Device 0: "Intel(R) Xeon(R) Silver 4114 CPU @ 2.20GHz"
  Type of device:                                CPU
  Supported OpenCL Version:                      3.0
  Is a subdevice:                                No
  Double precision support:                      Yes
  Total amount of global memory:                 127.71 GB
  Number of compute units/multiprocessors:       20
  Total amount of constant memory:               131072 bytes
  Total amount of local/shared memory per block: 32768 bytes
  Maximum group size (# of threads per block)    8192
  Maximum item sizes (# threads for each dim)    8192 x 8192 x 8192
  Clock rate:                                    2.2 GHz
  ECC support:                                   No
  Device fission into equal partitions:          Yes
  Device fission by counts:                      Yes
  Device fission by affinity:                    No
  Maximum subdevices from fission:               20
  Shared memory system:                          Yes
  Subgroup support:                              Yes
  Shuffle support:                               Yes
  1. Total RAM in my system : 128GB, GPU Memory : 24GB
    When I run on 10 processors with gpu acceleration then My CPU and ram utilization are around 45-50%
  2. No the GPU does not crashes I run my code with less than 10 number of cores but It crashes I run it with more than 10 number of cores

Is it possible to run lammps on my systems with 20 cores and gpu acceleration

Please make sure you are using the 2 Aug 2023 Update1 version.
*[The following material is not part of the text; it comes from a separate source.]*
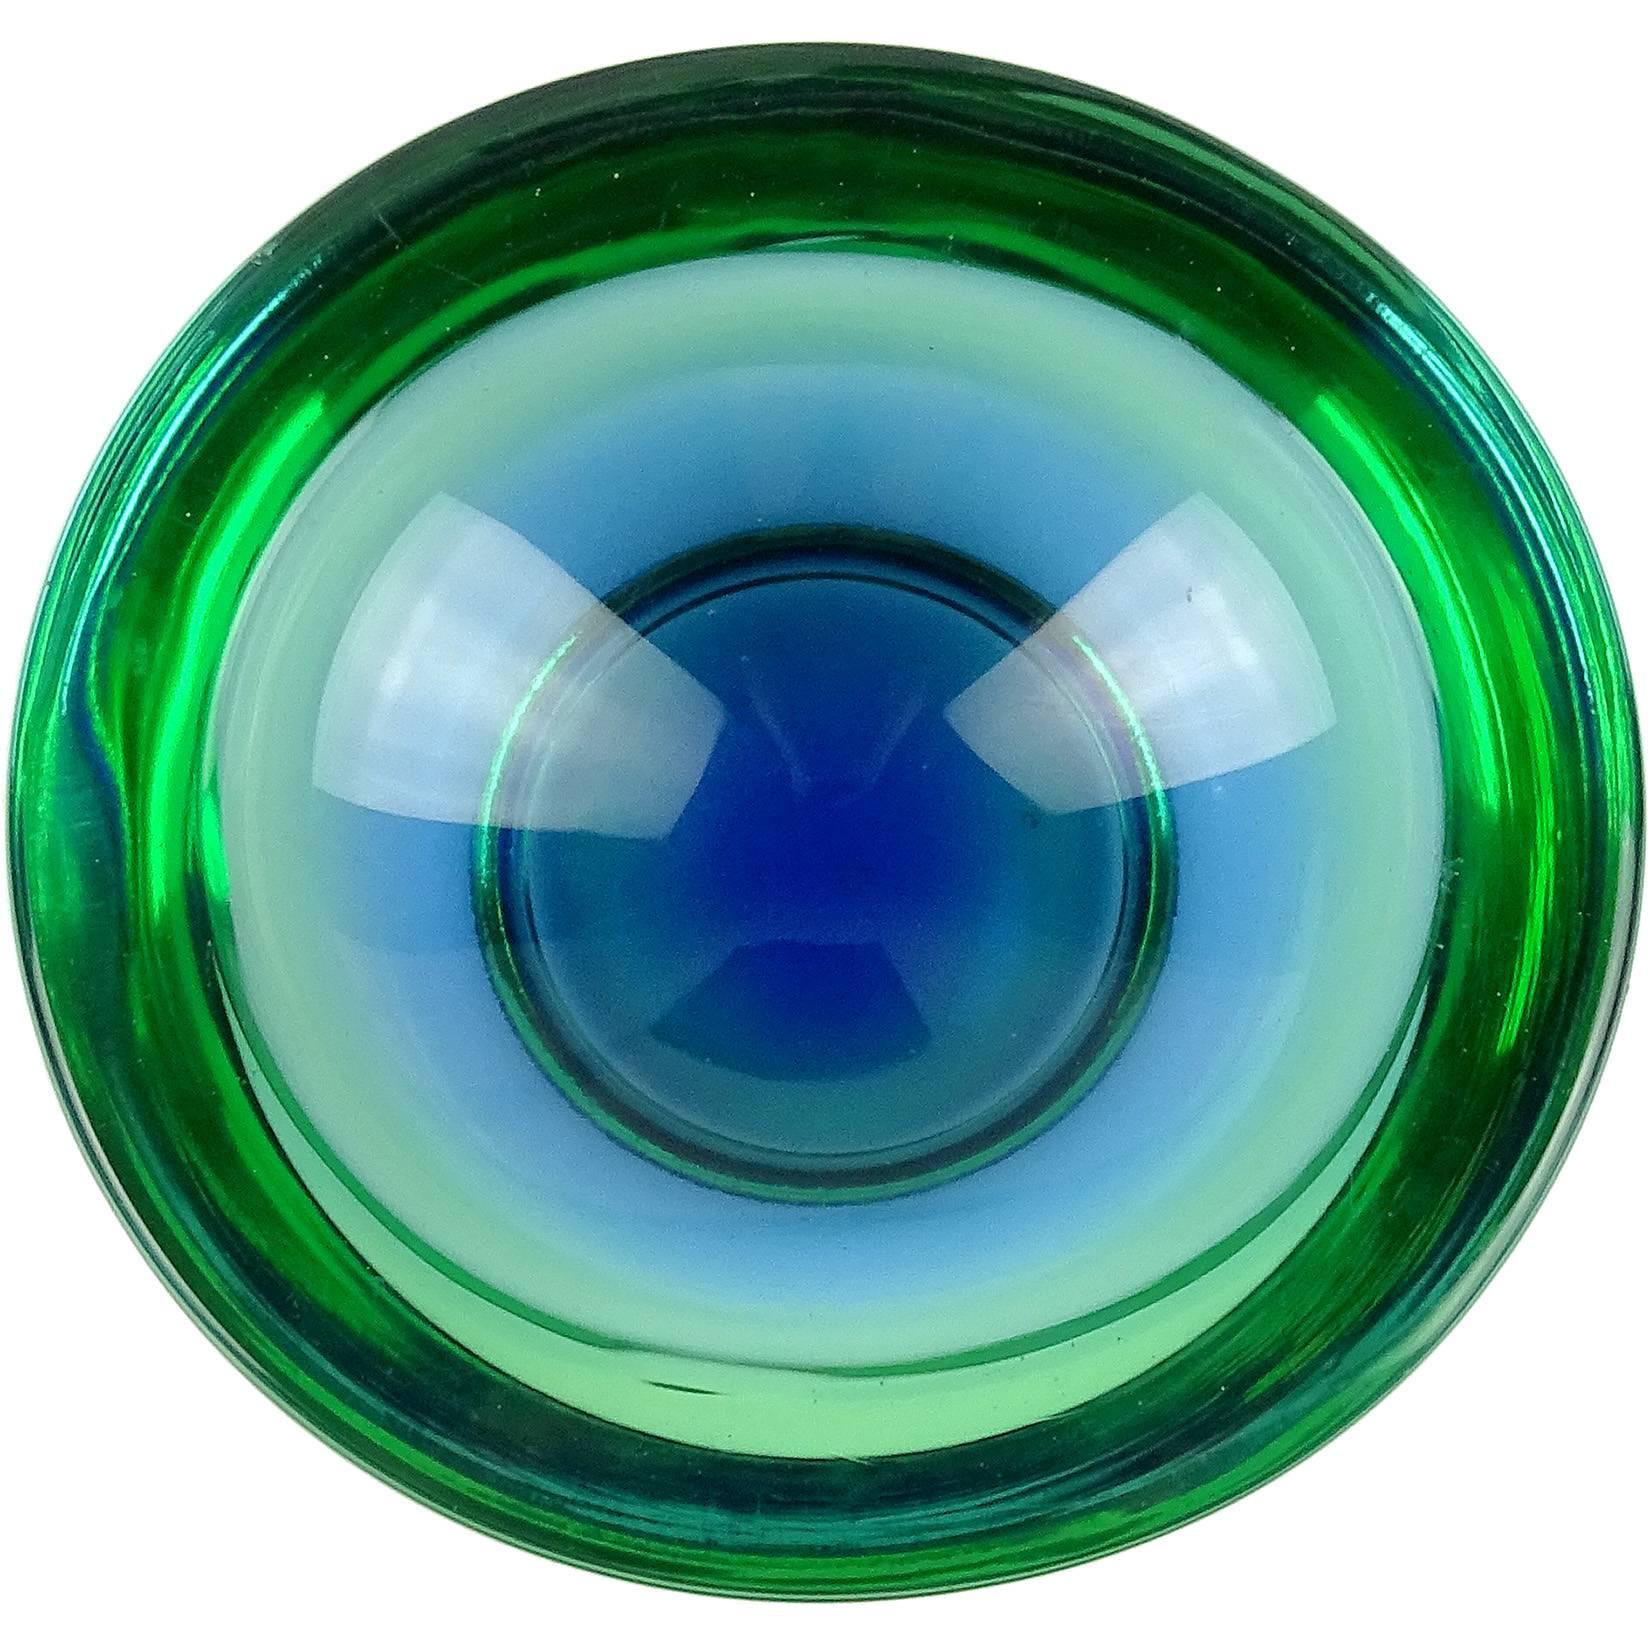 Beautiful Murano handblown Sommerso blue and green Italian art glass bowl. Documented to designer Flavio Poli, for the Seguso Vetri d'Arte company. The piece is very thick and heavy, raised by a sculpted foot, and flat cut rim. Measures: 6 1/2’ x 6

How much speedup do you get when using 10 MPI ranks when you compare the run with GPU against a run without GPU?

Does this crash with more than 10 MPI ranks only happen for your input or also with the LAMMPS benchmark examples (e.g. in.lj, in.rhodo, in.eam)?

As I already stated it is not likely that you will see much GPU acceleration, if a single GPU has to be shared across 20 MPI ranks. The capability of the GPU does not multiply with over subscribing and there is some overhead associated with accessing a GPU device from multiple processors. E.g. if you have a speedup of 10x versus a single CPU core, than with using 10 CPU cores the speedup may drop to less than 2x.